STORED DATA -
☆ ☆ ☆ ☆ ☆

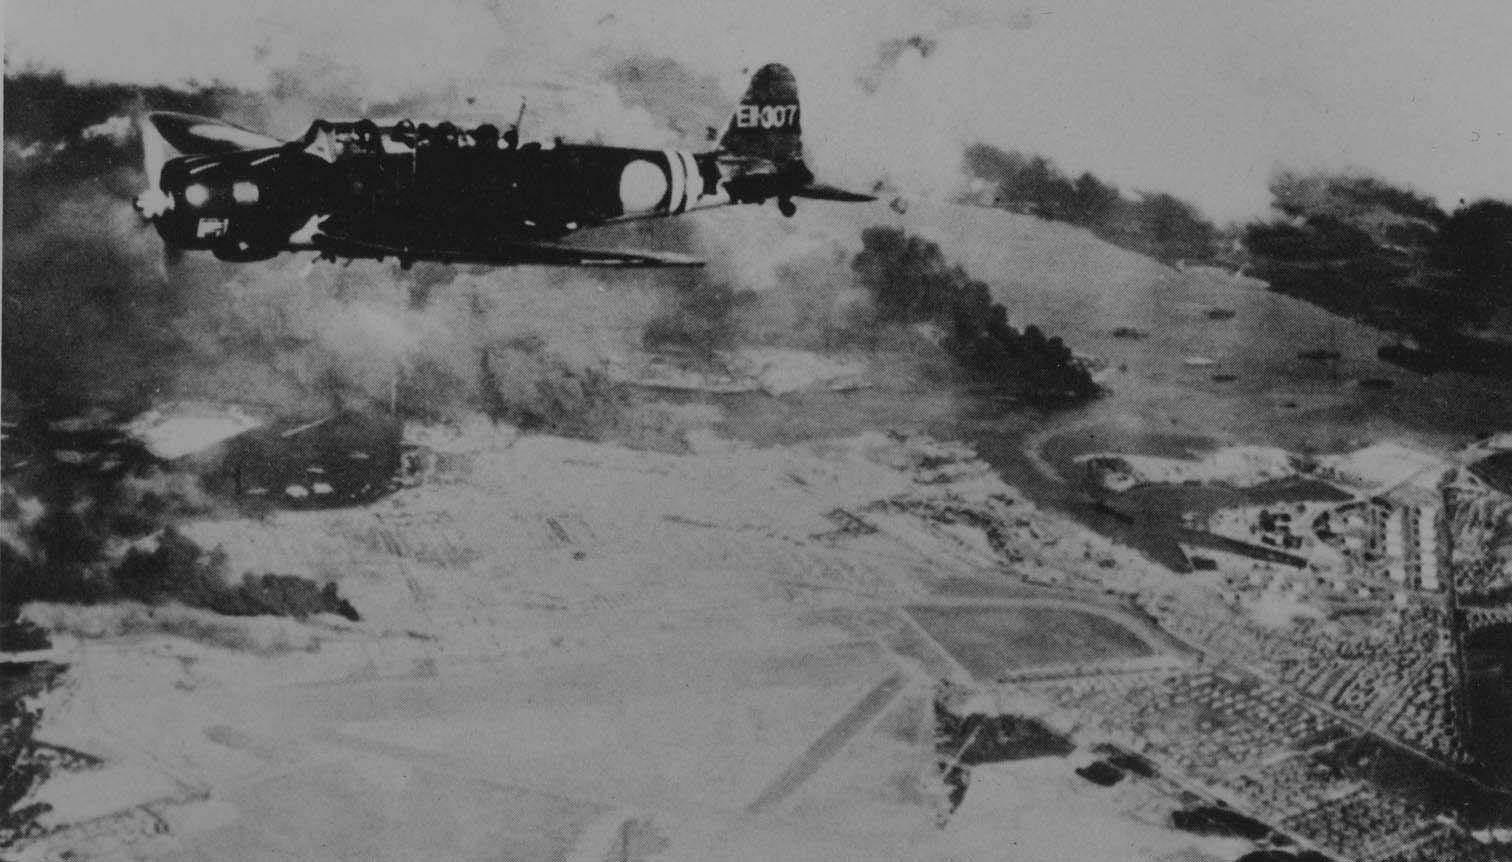 B5n Pearlharbor 45af S 191k
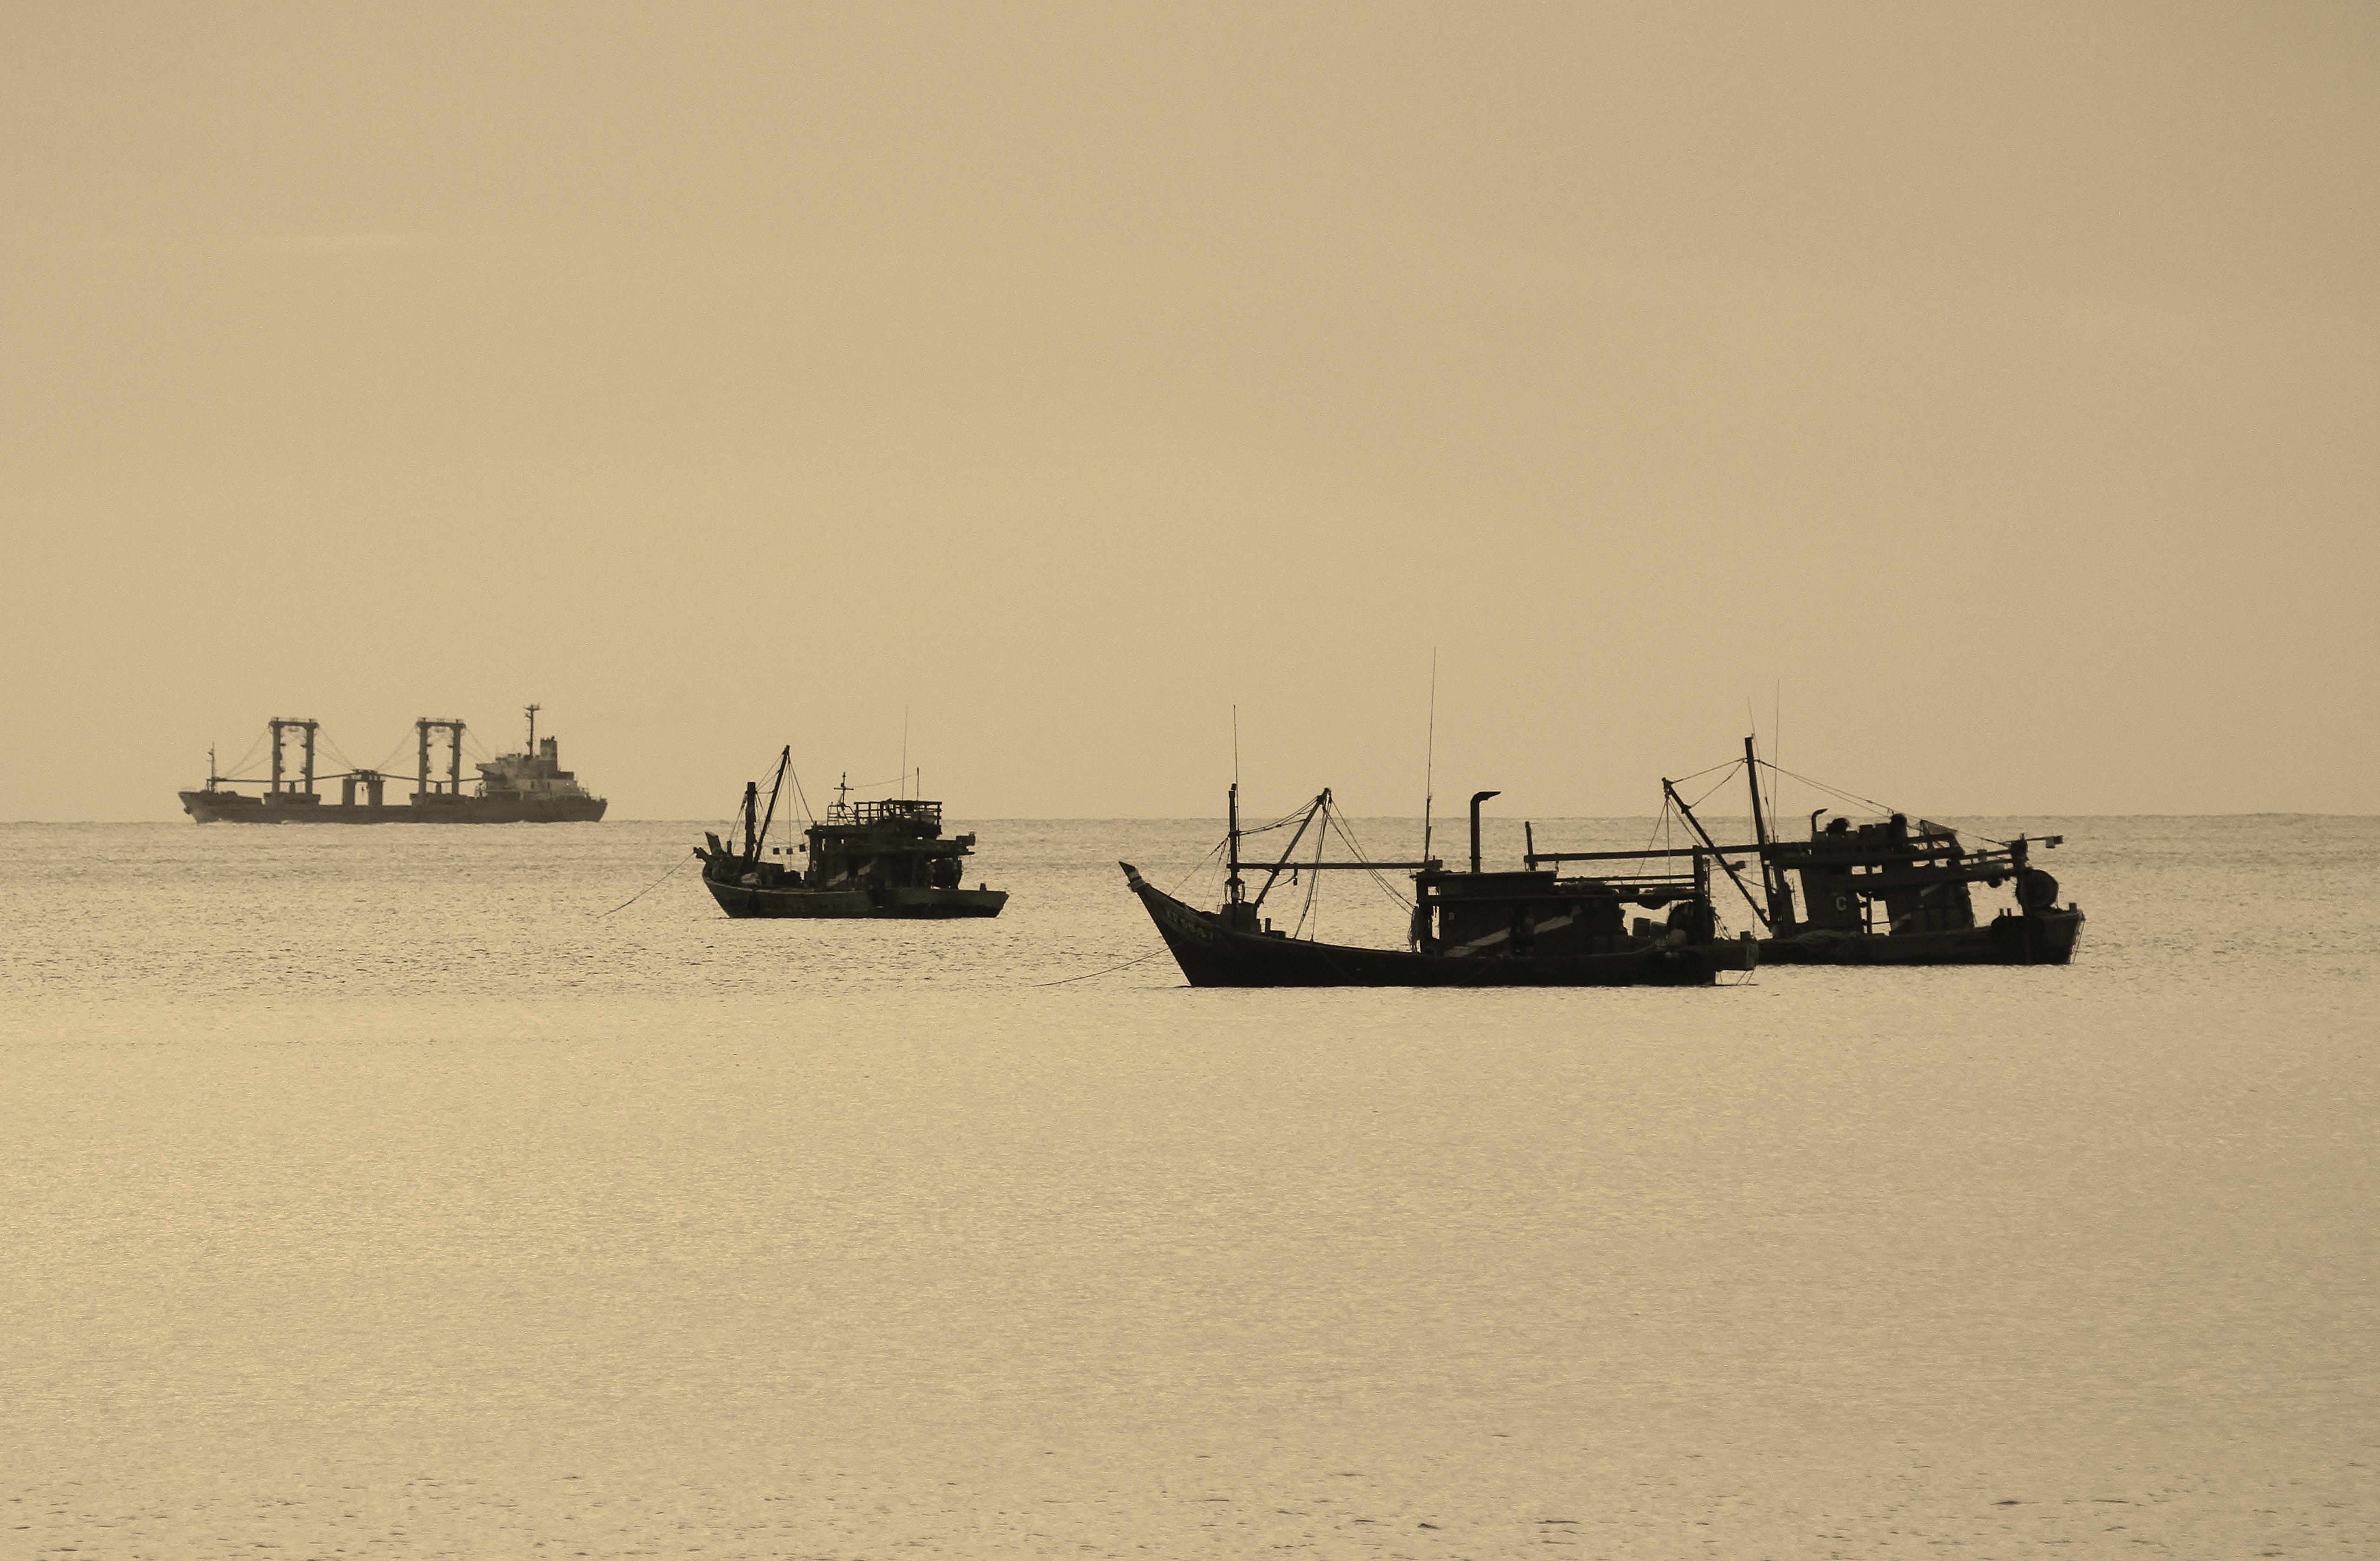 f9ffa1967 Obrazy : pláž, more, pobrežie, voda, piesok, oceán, čln, loď, nádoba,  vozidlo, záliv, telo z vody, námornej, lode, morský, vodné skútre, rybárske  plavidlo ...
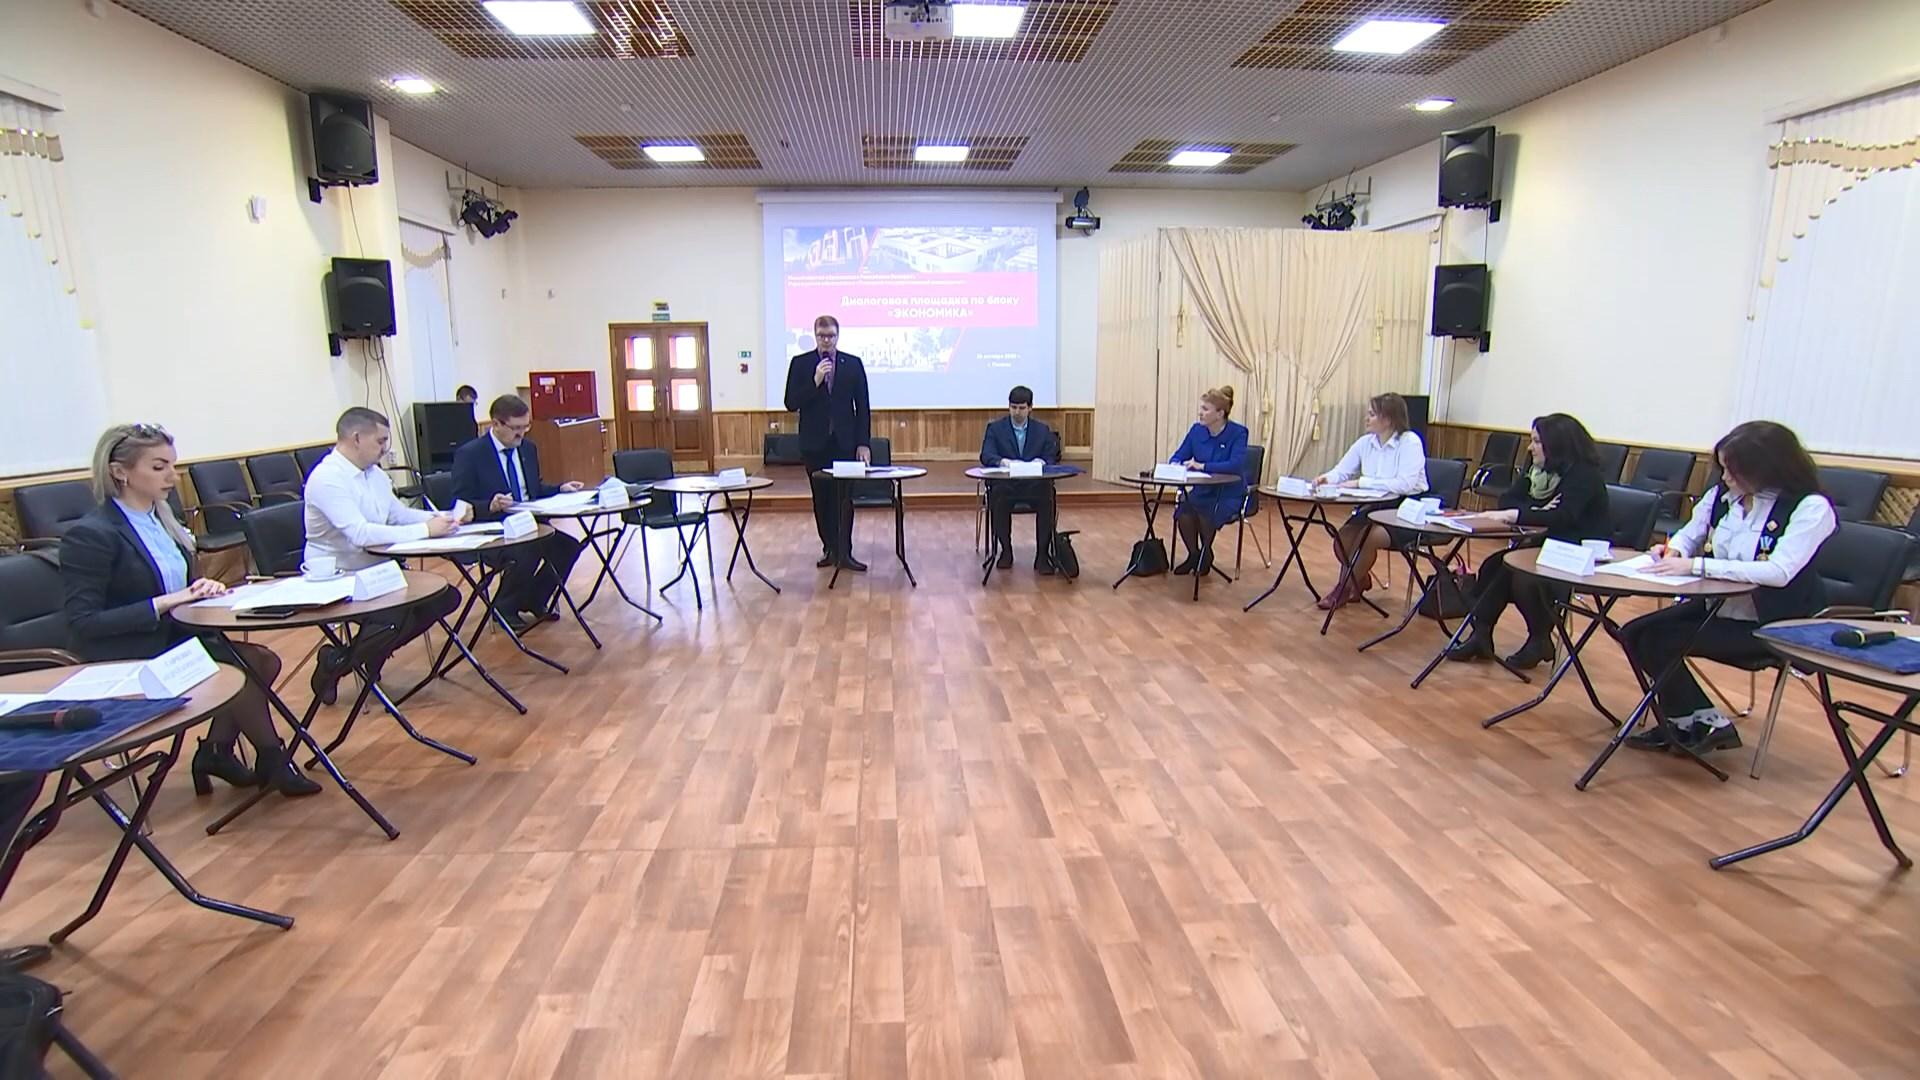 Экономическое развитие регионов и реформу местного самоуправления обсудили эксперты в Полоцке

☆ ☆ ☆ ☆ ☆

WORK ITEM - Write out the data once more exactly, omitting the pictures.

RESULT OF THIS TASK -
 B5n Pearlharbor 45af S 191k
 f9ffa1967 Obrazy : pláž, more, pobrežie, voda, piesok, oceán, čln, loď, nádoba,  vozidlo, záliv, telo z vody, námornej, lode, morský, vodné skútre, rybárske  plavidlo ...
 Экономическое развитие регионов и реформу местного самоуправления обсудили эксперты в Полоцке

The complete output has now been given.